La anarquía a través de los tiempos, Max Nettlau

Autor y su pensamiento.

Max Nettlau es el autor de la obra «Histoire de l'anarchie», publicada en 1934, editada y traducida al castellano un año después, en 1935, como «La anarquía a través de los tiempos», gracias a la labor de una asociación de amigos del libro. Posteriormente, de esta edición se basan algunas publicaciones de esta obra en Latinoamérica, como una de importancia en México en 1970. Sin embargo, no es hasta 1977 que se vuelve a publicar este libro en España, con una introducción del actual profesor de Filosofía en la Universidad Complutense de Madrid, Carlos Díaz. Este fue traductor y editor de muchos escritos anarquistas clásicos en los años 70. Ha sido amigo de viejos militantes anarquistas como Diego Abad de Santillán, Víctor Garcia y Angel Cappelletti.

Max Nettlau nació en Neuwaldegg, un pequeño pueblo austriaco que actualmente es un distrito de la ciudad de Viena, el 30 de abril de 1865, y murió en Amsterdam el 23 de julio de 1944. Max Nettlau fue un importante historiador del anarquismo internacional, partidario del anarquismo sin adjetivos y el panarquismo.

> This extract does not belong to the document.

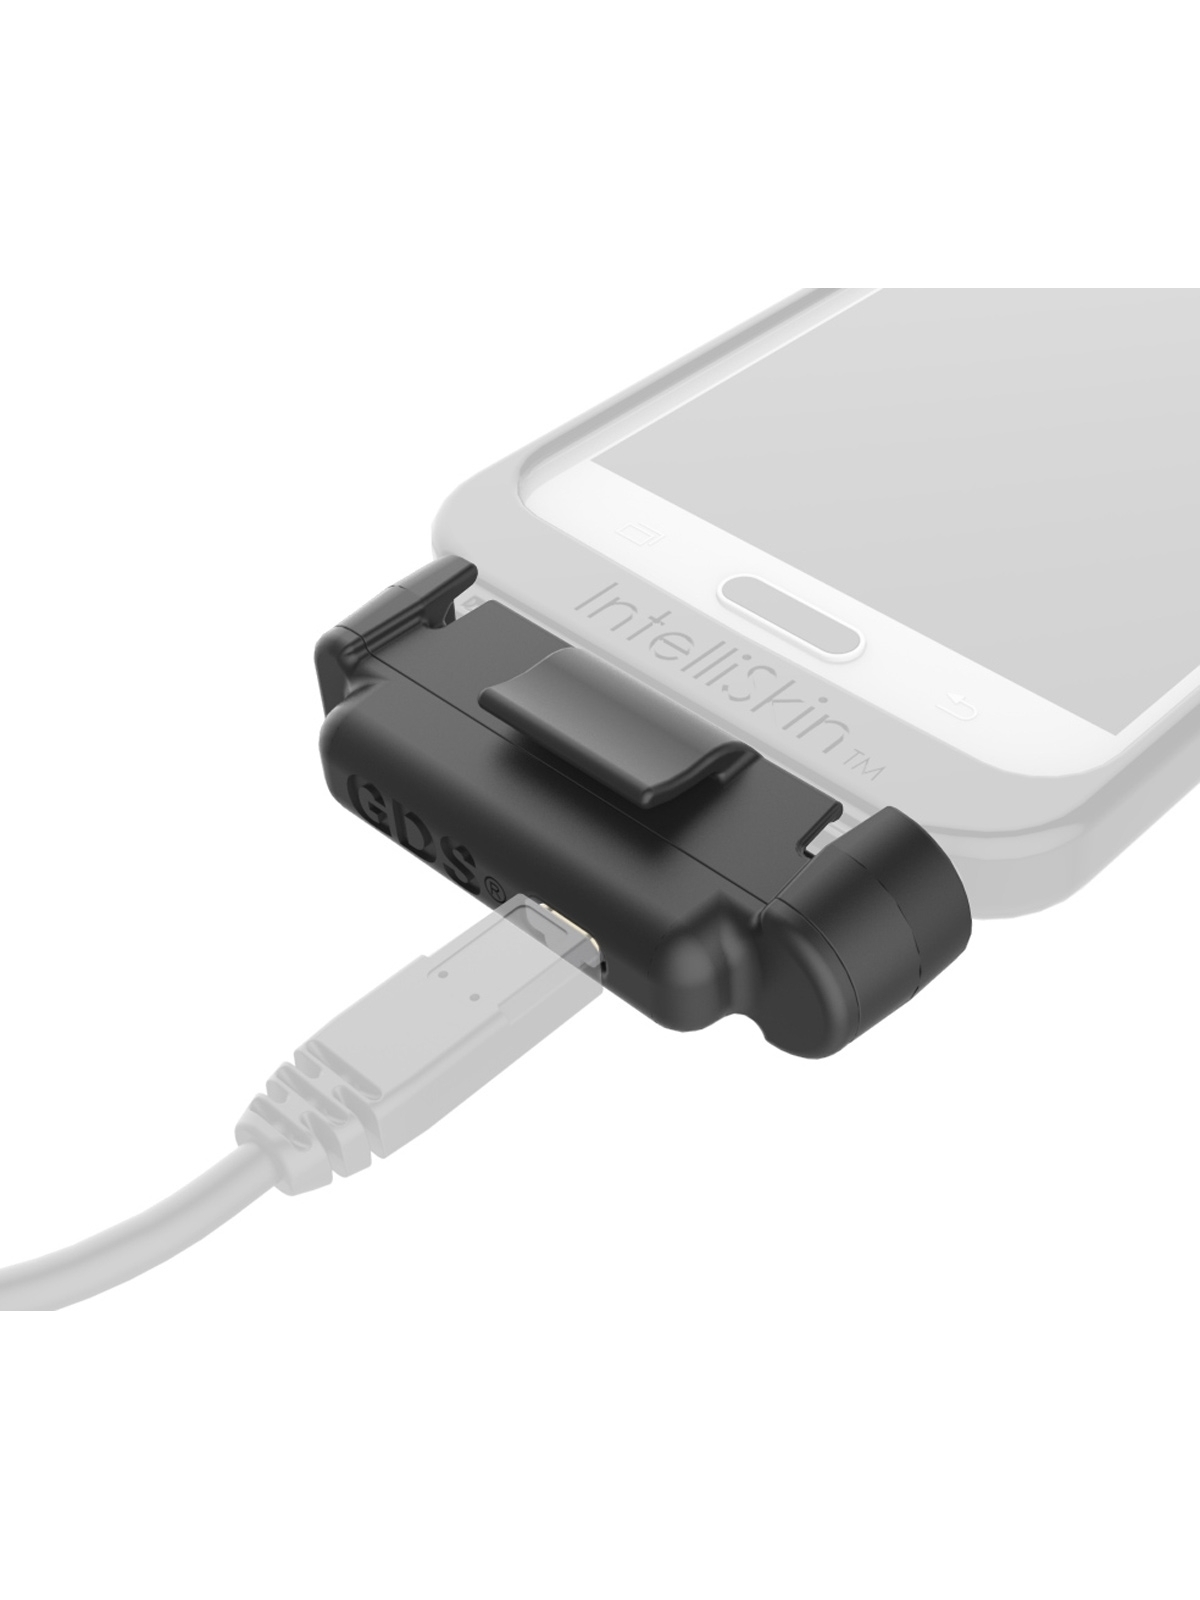 RAM Mounts Snap-Con GDS-Ladesockel - für Smartphones mit IntelliSkin-Lade-/Schutzhülle, microUSB-Anschluss, im Polybeutel

El anarquismo sin adjetivos es una idea que defiende que las diferentes escuelas de pensamiento anarquistas pueden y deben convivir simultáneamente. Da paso a la voluntariedad de las personas para elegir el tipo de asociación que considere cada cual más favorable y aboga por la libre experimentación de modelos políticos y económicos. Muy vinculado a este concepto, encontramos también en Nettlau el pananarquismo, que preconizó a principios del siglo XX. Es una filosofía política que aboga por el derecho de todo individuo para unirse o separarse libremente de la jurisdicción de cualquier ente de gobierno que elijan, sin ser forzados a abandonar el lugar donde viven.

Nettlau estudió lenguas y literaturas celtas en Viena, obtuvo a los veintitrés años el título de doctor en la Universidad de Leipzig con una tesis sobre la gramática de la lengua Címbrica. Sin embargo, se concentró rápidamente en la compilación de importantes documentos de la historia del movimiento anarquista. Para esta labor viajó a través de Europa y vivió en Londres. Desde 1885 a 1890, perteneció a la Liga Socialista, donde conoció al activista británico William Morris, y a partir de 1895, perteneció al Freedom Group, y participó en numerosas publicaciones anarquistas. También durante estos años conoció a otros destacados pensadores libertarios, como Piotr Kopotkin o Errico Malatesta, y además accede a las correspondencias de numerosos anarquistas de mediados del siglo XIX. Escribirá las biografías de Mikhail Bakunin o Élisée Reclus, entre otros. Nettlau mantuvo siempre contacto con España manteniendo una gran afinidad con personalidades como Federico Urales (pseudónimo de Juan Montseny) e interesándose por la documentación sobre la Primera Internacional que se conservaba en Barcelona.

Durante la crisis económica que siguió a la Primera Guerra Mundial, la inflación hizo perder a Nettlau la fortuna heredada de sus padres, lo que le hizo vivir en condiciones muy precarias, casi al borde de la miseria. Sin embargo, continuó recolectando documentos y publicando trabajos. En el año 1935, Nettlau vendió su inmensa colección de libros, periódicos, archivos y otros documentos sobre el socialismo y el anarquismo al Internationaal Instituut voor Sociale Geschiedenis. Defendió con entusiasmo la revolución española -el 19 de julio de 1936 se encontraba en Barcelona- y lanzó llamadas a todos sus amigos europeos o americanos para divulgar el heroico pasado del movimiento obrero español. Posteriormente, Nettlau vivió en Amsterdam desde 1938, donde trabajó catalogando el archivo del mencionado Instituto Internacional de Historia Social, donde aparentemente pasó desapercibido de las autoridades nazis,  hasta su muerte en 1944 por un cáncer en el estómago.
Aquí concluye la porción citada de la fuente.